Glycated albumin is a useful marker for early screening of undiagnosed prediabetes and diabetes in patients presenting to a metropolitan emergency department.

Background: Glycated albumin (GA) is formed from the non-enzymatic reaction of glucose with lysine residues of the albumin molecule. Its concentration reflects glycaemia in the preceding 3 weeks and has been proposed as an alternative marker in conditions when HbA1c is not accurate.

Methods: Patients presenting to the emergency department of a small metropolitan hospital were screened for diabetes and prediabetes using HbA1c, glycated albumin and fructosamine.
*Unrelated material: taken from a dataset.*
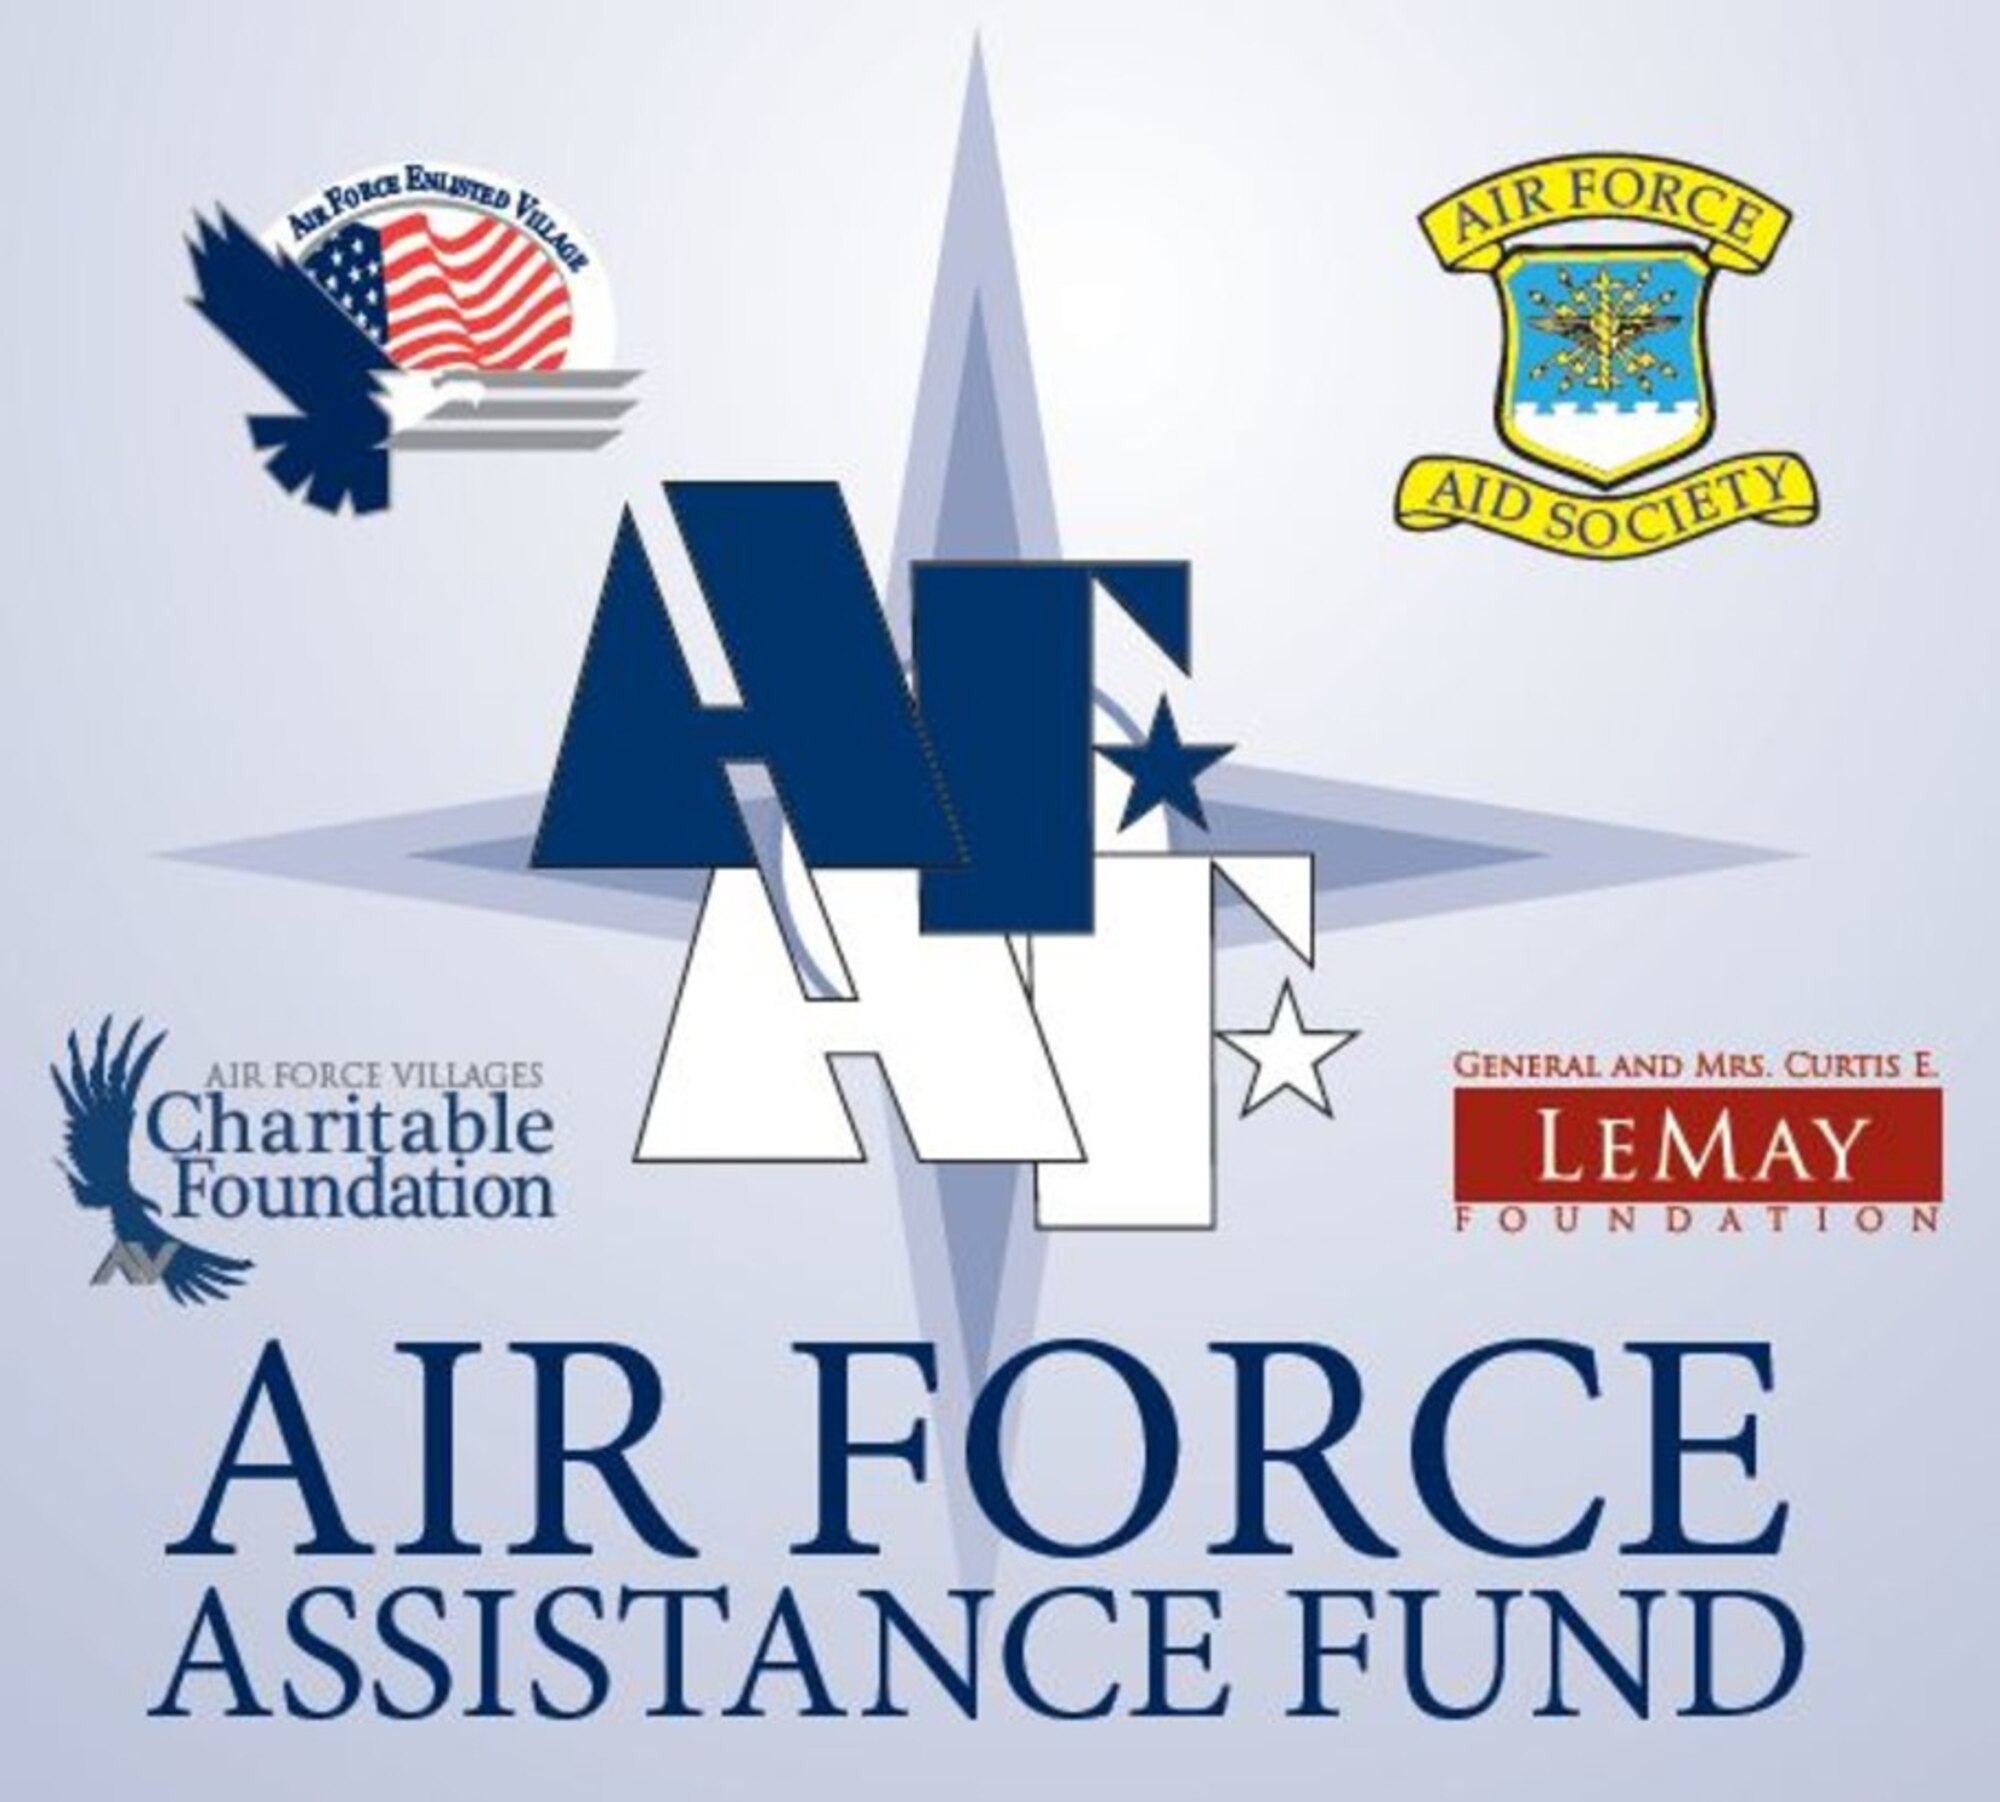 The 2020 Air Force Assistance Fund Campaign kicked off at Incirlik on March 9 and runs through April 17. The AFAF is an Air Force-wide initiative which supports charities that benefit all members of the Air Force family.

Results: Our in-house derived reference interval in adults >18 years old was 163 to 280 mmol/mol (9.2-15.8 %). GA levels in chronic kidney disease and hypoalbuminaemia patients were not different from non-diabetic, apparently healthy group. GA and fructosamine were found to be equally good at identifying patients at risk of prediabetes and diabetes. A GA level of ≥274 mmol/mol (16 %) had a diagnostic sensitivity and specificity of 65 % and 77 % in identifying prediabetes risk (AUC = 0.709) and GA ≥ 308 mmol/mol (17 %) had a sensitivity of 76 % and specificity of 92 % in identifying those at risk of diabetes (AUC = 0.863). GA has a poor correlation with HbA1c (R = 0.410) and a GA of 458 mmol/mol (26 %) equated to an HbA1c of 48 mmol/mol (7 %).

Conclusion: Our study provides further evidence that GA can be used as an effective mid-term glycaemic marker in screening for prediabetes and diabetes in patients presenting to the emergency department.